==== PROVIDED MATERIAL

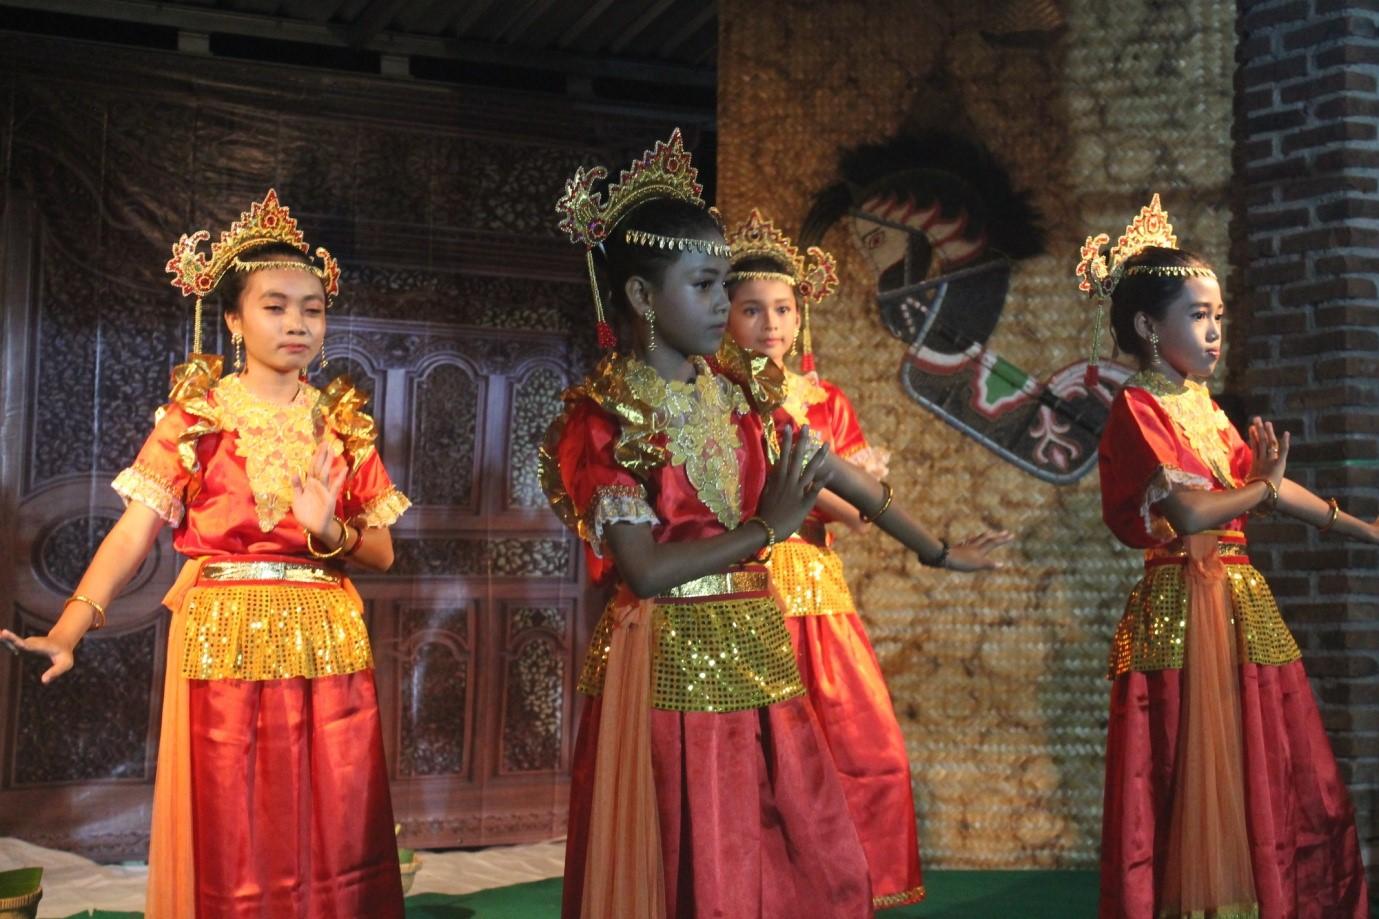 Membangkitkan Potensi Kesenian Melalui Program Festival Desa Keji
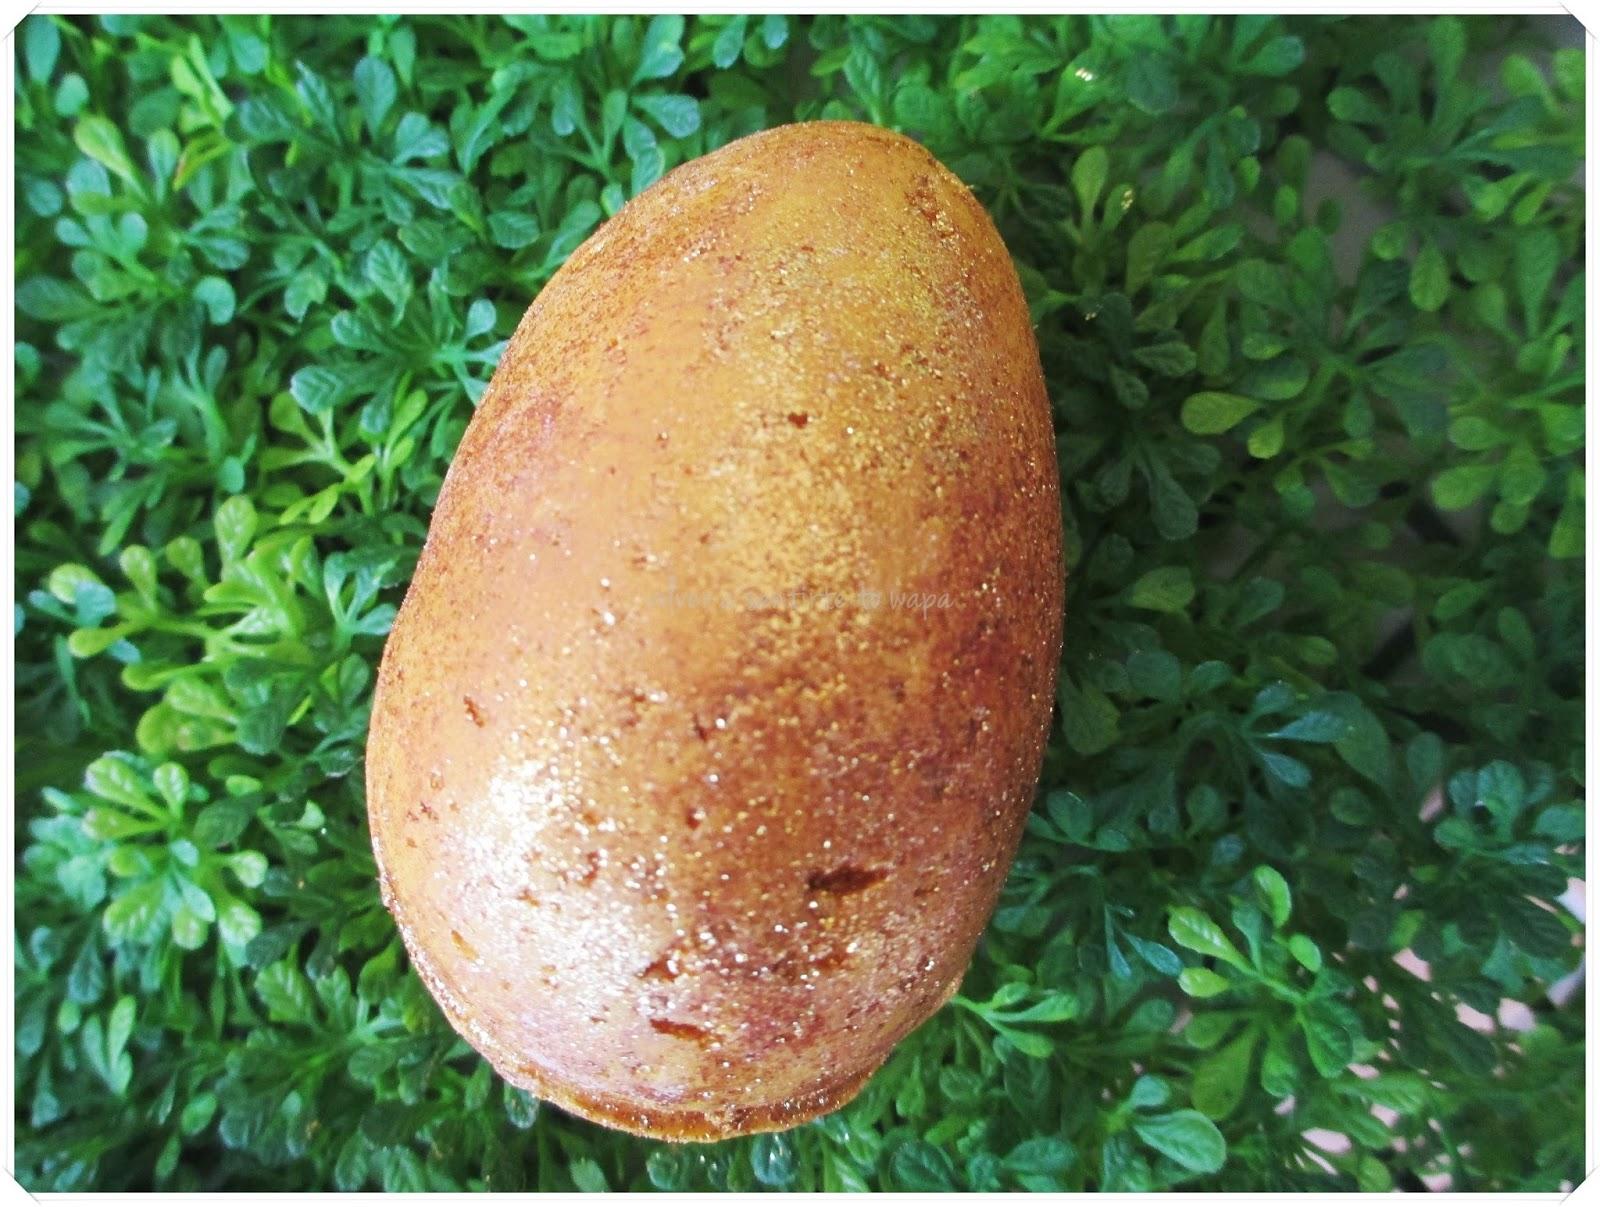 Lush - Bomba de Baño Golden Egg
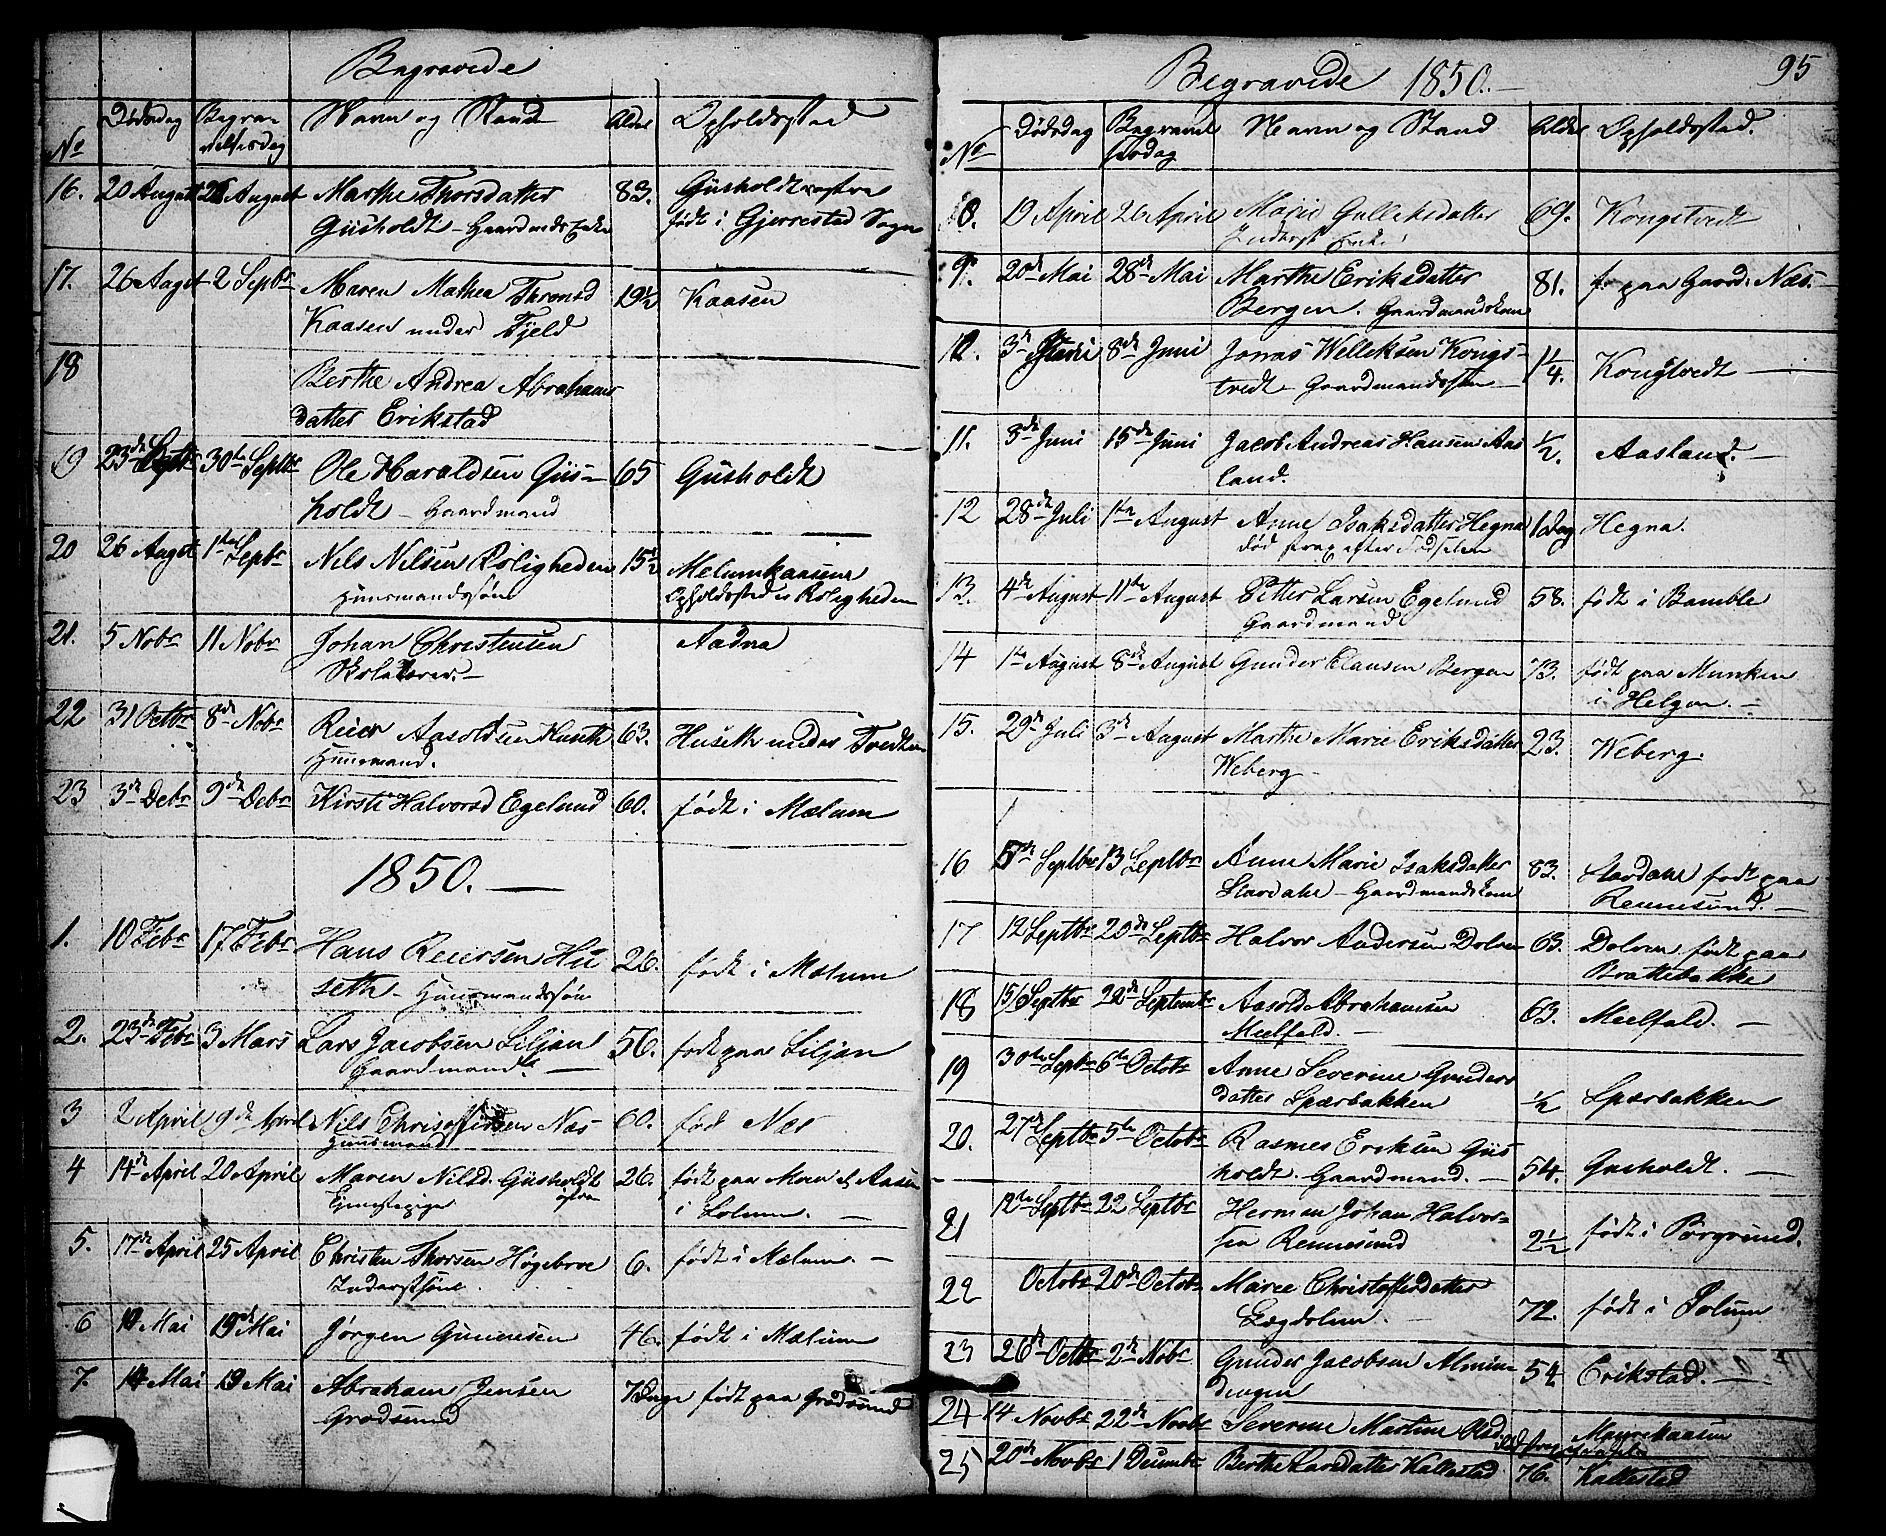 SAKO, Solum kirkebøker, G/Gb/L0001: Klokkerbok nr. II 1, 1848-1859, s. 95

========

EXERCISE OBJECTIVE
Give the material above again exactly as it stands, minus any images.

ANSWER AREA
 Membangkitkan Potensi Kesenian Melalui Program Festival Desa Keji
 Lush - Bomba de Baño Golden Egg
 SAKO, Solum kirkebøker, G/Gb/L0001: Klokkerbok nr. II 1, 1848-1859, s. 95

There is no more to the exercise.